Siim Rast

Personal information
- Nationality: Estonian
- Born: 28 August 1988 (age 37) Jõgeva, then part of Estonian SSR, Soviet Union

Sport
- Country: Estonia
- Sport: Powerlifting

Medal record
Representing Estonia
Classic Men's World Championships
| Bronze medal – third place | 2018 Calgary | 120+ kg |
| Silver medal – second place | 2019 Helsingborg | 120+ kg |
Classic Men's European Championships
| Gold medal – first place | 2018 Kaunas | 120+ kg |
| Gold medal – first place | 2019 Kaunas | 120+ kg |
| Silver medal – second place | 2016 Tartu | 120+ kg |
| Silver medal – second place | 2017 Thisted | 120+ kg |

= Siim Rast =

Estonian powerlifter

Siim Rast (born 28 August 1988) is an Estonian classic powerlifter.
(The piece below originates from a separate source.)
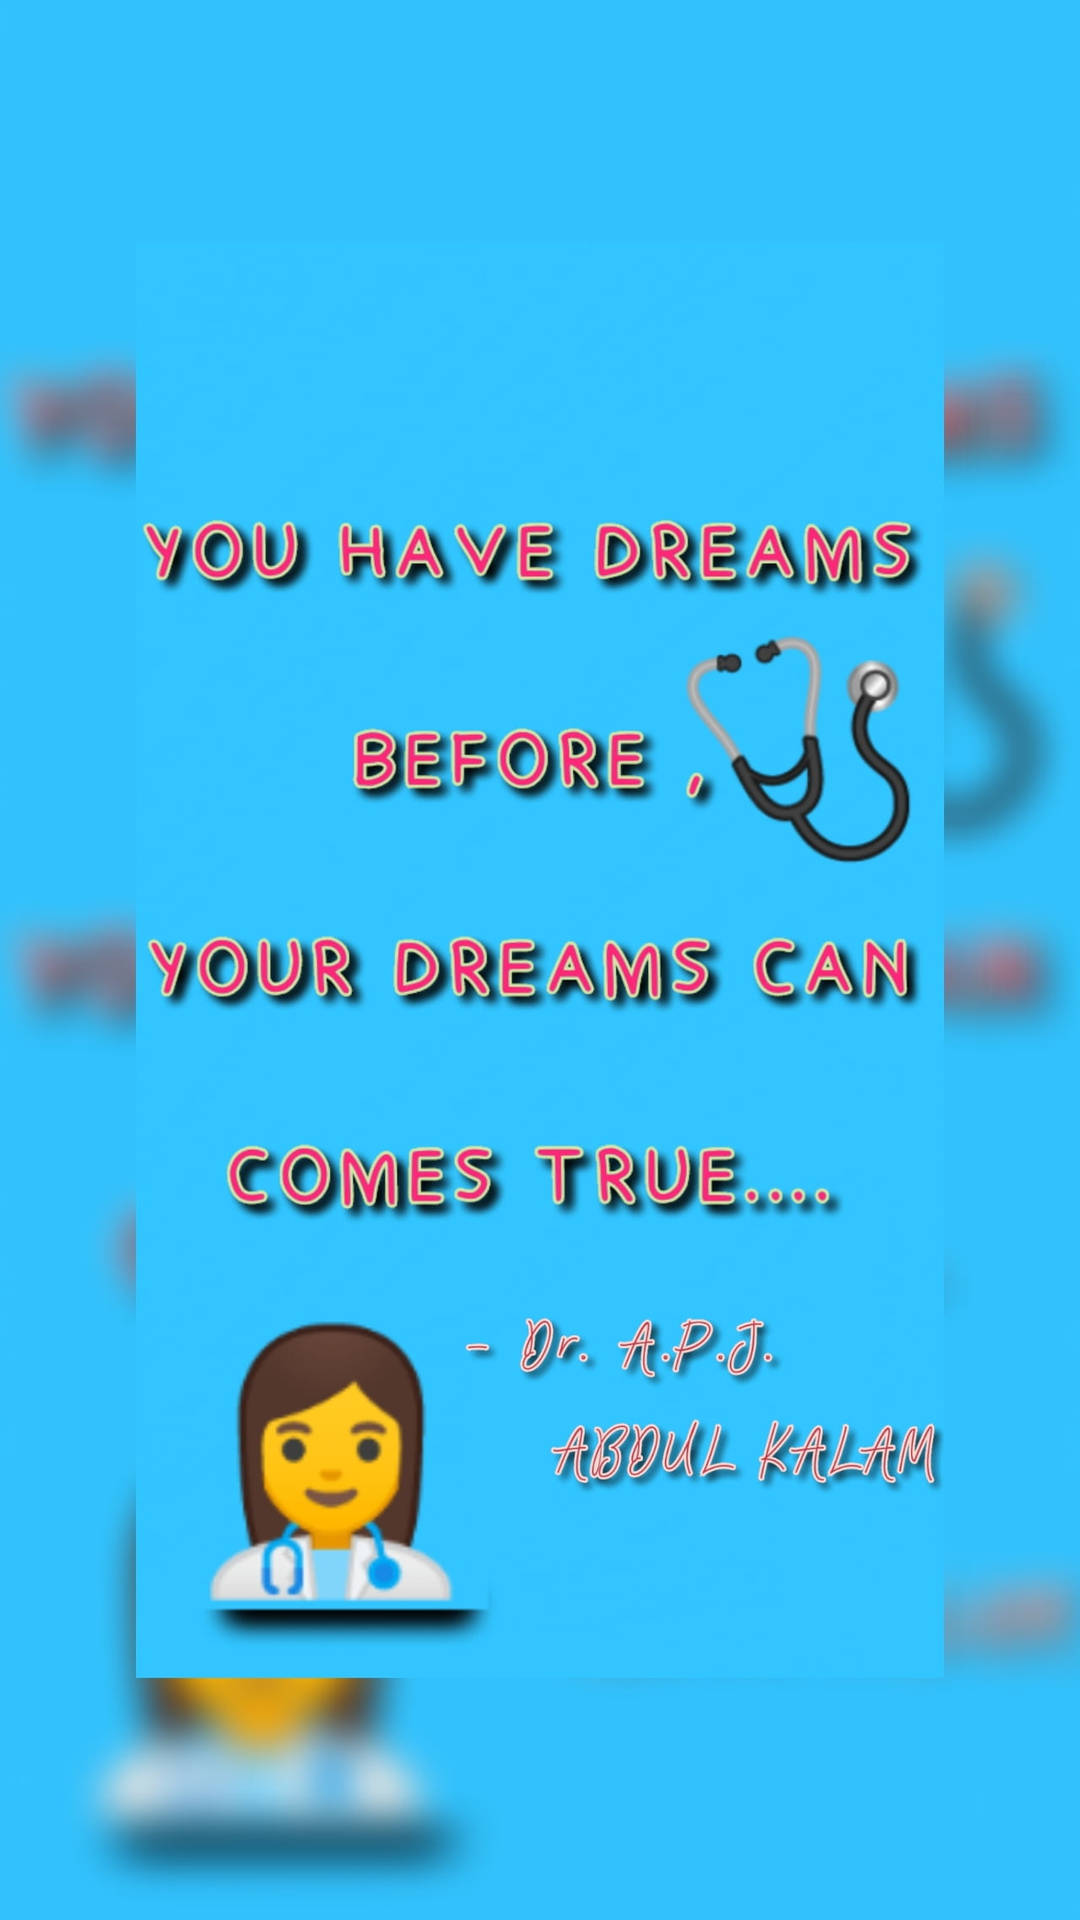 Medical Motivation Poster Dreams Wallpaper

Rast is two time European champion in 120+ kg category. He also won one silver and one bronze medal at the World classic (raw) championships in the IPF.

==Career==
On 17 June 2018, Rast was awarded bronze medal at the Classic Men's World Championships in Calgary, Canada. He also won silver medal at the 2019 Classic Men's World Championships in 120+ kg weight category which was held at Helsingborg, Sweden. Rust got into seventh place at the 2023 European Powerlifting Championships in Tartu, Estonia.